Under such circumstances, the fact an appeal is pending before the Florida Third Circuit Court of Appeals will not preclude a decision on the motion for summary judgment in this case. Defendant has presented no reason for this court to question the regularity of the Florida proceedings or the legitimacy of the Florida judgment awarding punitive damages. In arguing that an issue of fact precluding the grant of summary judgment exists, defendant relies upon an unpublished opinion of the Superior Court of Delaware, New Castle County, (see Hoechst Celanese Corp. v National Union Fire Ins. Co. of Pittsburgh, PA (1994 WL 721646). That case involved an action by Hoechst Celanese Corp. seeking indemnity from its insurers for punitive damages awarded against it in California and Texas and a declaratory judgment that the policies at issue provided coverage for punitive damages. While citing Home Insurance Company for the proposition that the Delaware court should assume that the judgments in the California and Texas actions were in conformity with the law their respective State, the court declined to grant the insurers' motion for summary judgment dismissing the complaint because appeals were pending in both actions. Specifically, the court held that "the assumption that these judgments were in conformity with the law is premature" and that the court could not accept the propriety of the judgments "when the cases have yet to be reviewed by their own State courts" (id. at *2 [8]).

If the holding of the Delaware Superior Court is based on its interpretation of the New York Court of Appeals decision in Home Insurance Co., this court respectfully disagrees. In fact, the New York Court of Appeals rendered its determination in Home Insurance Co. after an intermediate appellate decision was rendered, and while the appeal to the Supreme Court of Illinois was pending. The fact that an appeal is pending in the Batchelor Action is not grounds for failing to decide the summary judgment motion.

CONCLUSION

Accordingly, plaintiff's motion for summary judgment must be granted. There is no coverage under the professional indemnity policies issued to BDO by plaintiffs for the punitive damages portion of the jury verdict in the Batchelor Action.
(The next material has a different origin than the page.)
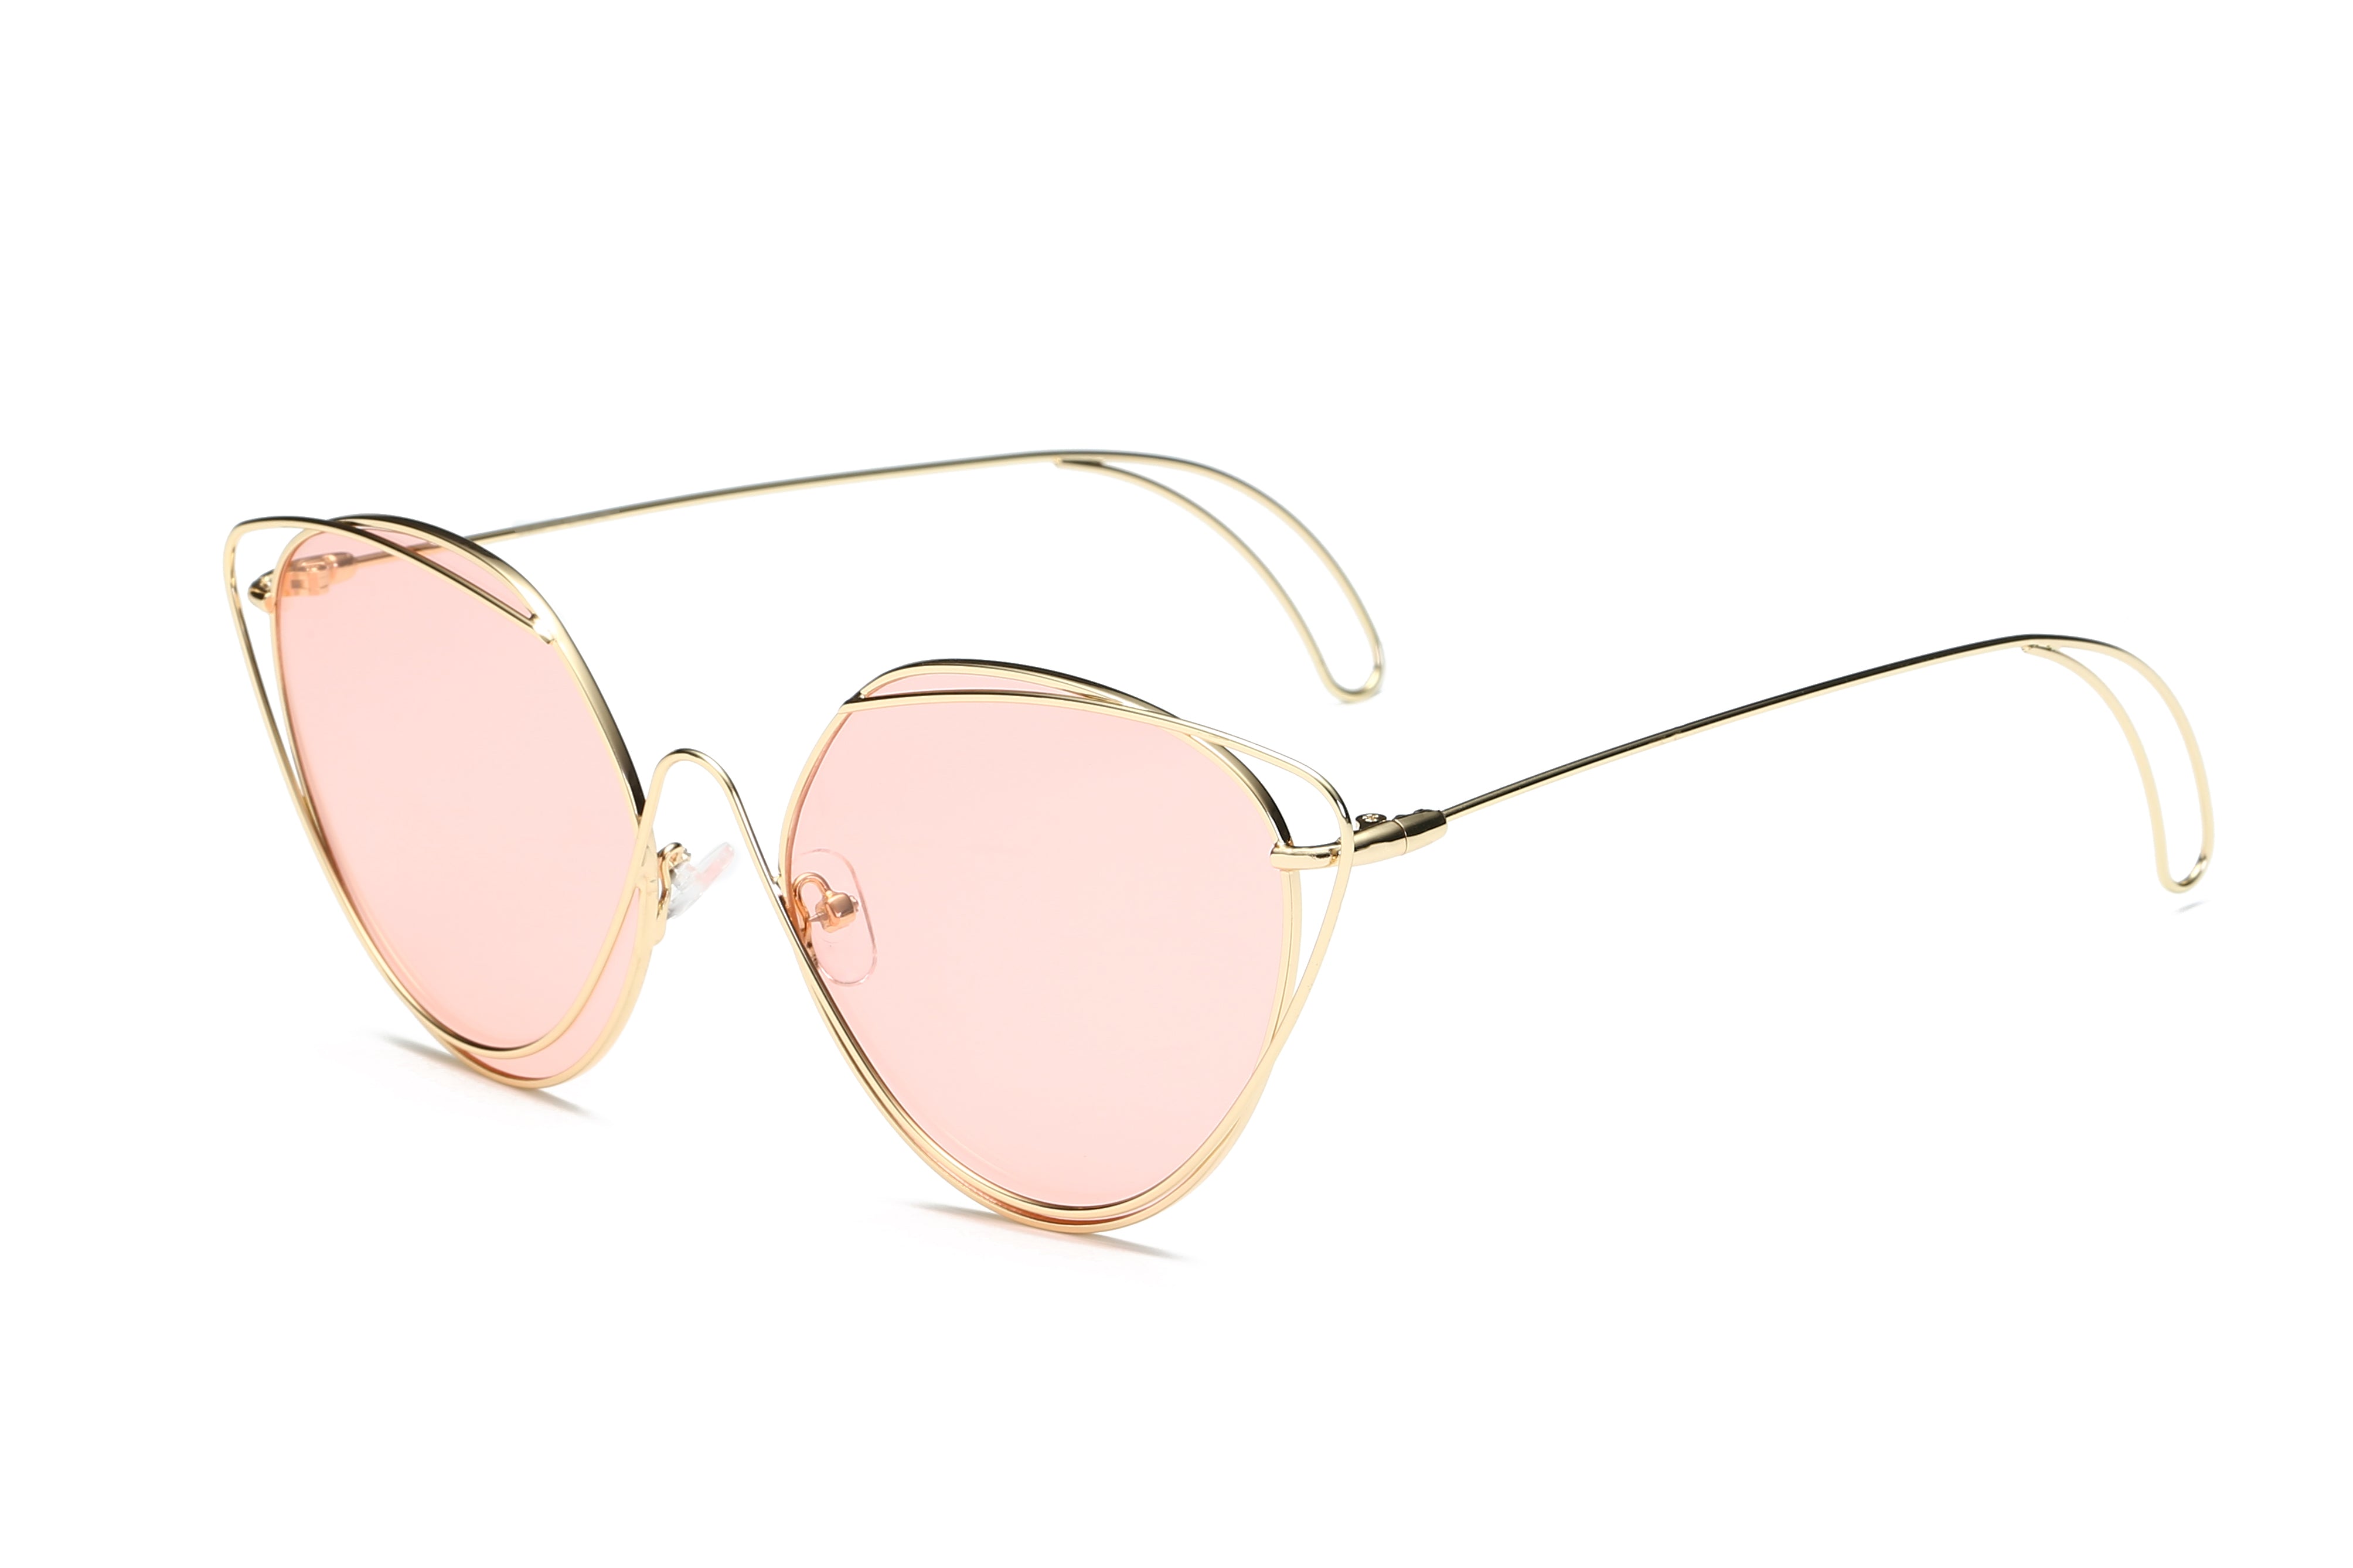 S2045 - Women Fashion Round Cat Eye SUNGLASSES Pink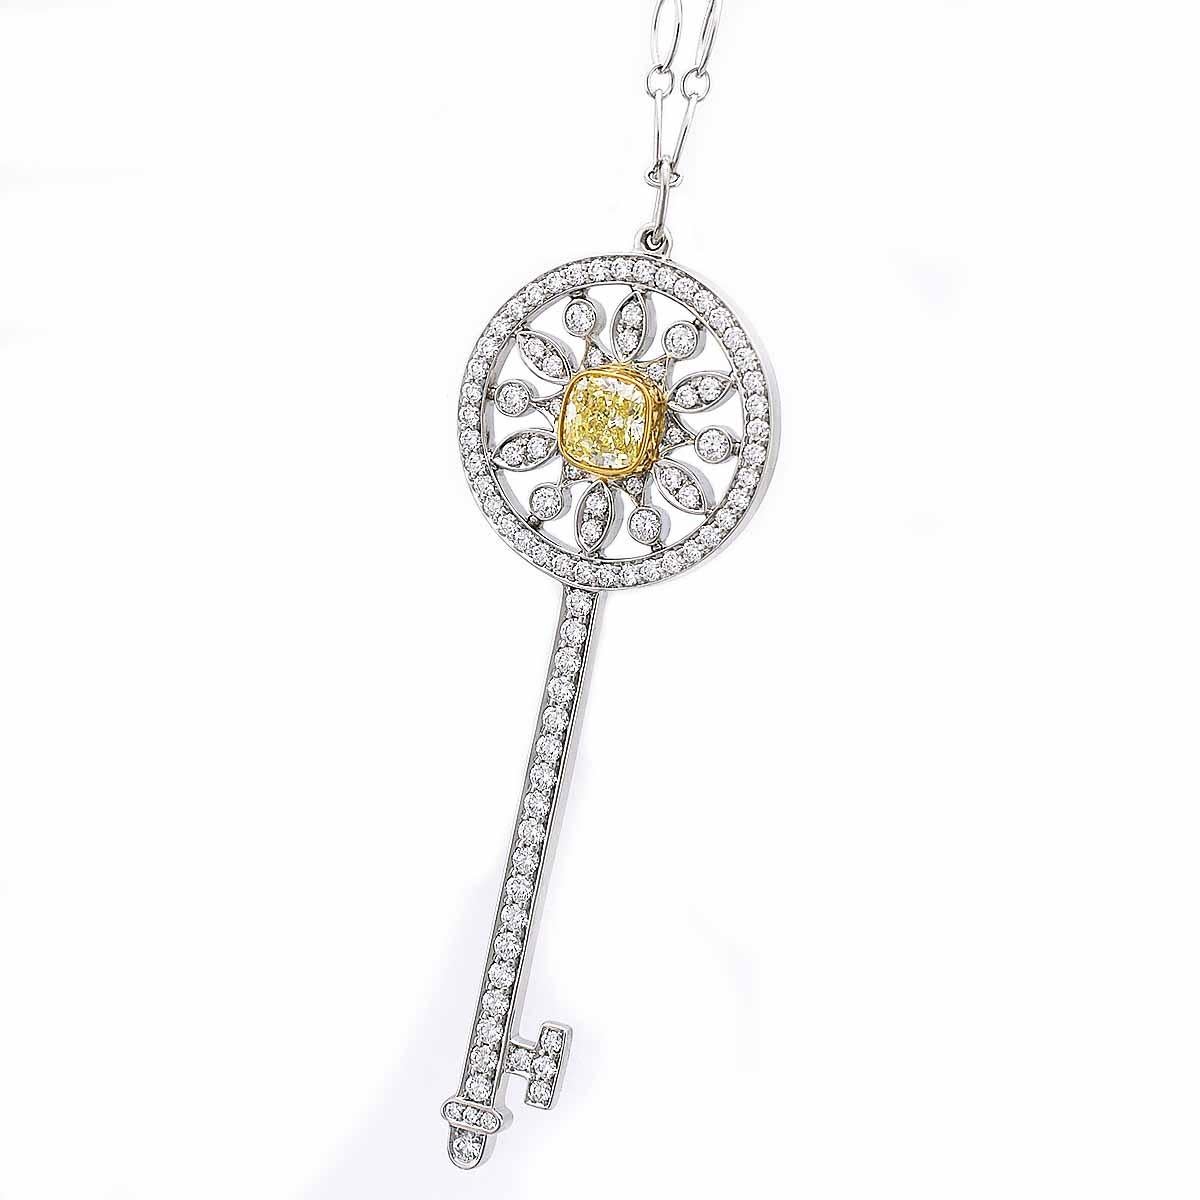 Tiffany & Co. Fancy Yellow Diamond 18 Karat Gold Star Key Pendant Necklace

Accordingly, it is hereby

ORDERED that the motion of plaintiffs for summary judgment on the first cause of action for a declaration that as a matter of New York public policy and pursuant to the "Exclusions" clause [*6]of the relevant insurance policies, there is no coverage for the punitive damages portion of the jury verdict in the Batchelor Action is GRANTED; and it is further

ADJUDGED and DECLARED that plaintiffs herein are not obligated to provide coverage for the punitive damages portion of said jury verdict; and it is further

ADJUDGED that plaintiffs do recover from the defendant, BDO Seiman LLP, costs and disbursements upon the submission of an appropriate bill of costs as taxed by the Clerk, and plaintiffs have execution therefor.

This constitutes the decision and order of this court.

DATED: July 27, 2012E N T E R,

______________________________

O. PETER SHERWOOD

J.S.C. Footnotes

Footnote 1:Appeals from both the Georgia judgment and the Texas judgment had reached a final determination prior to the court's decision.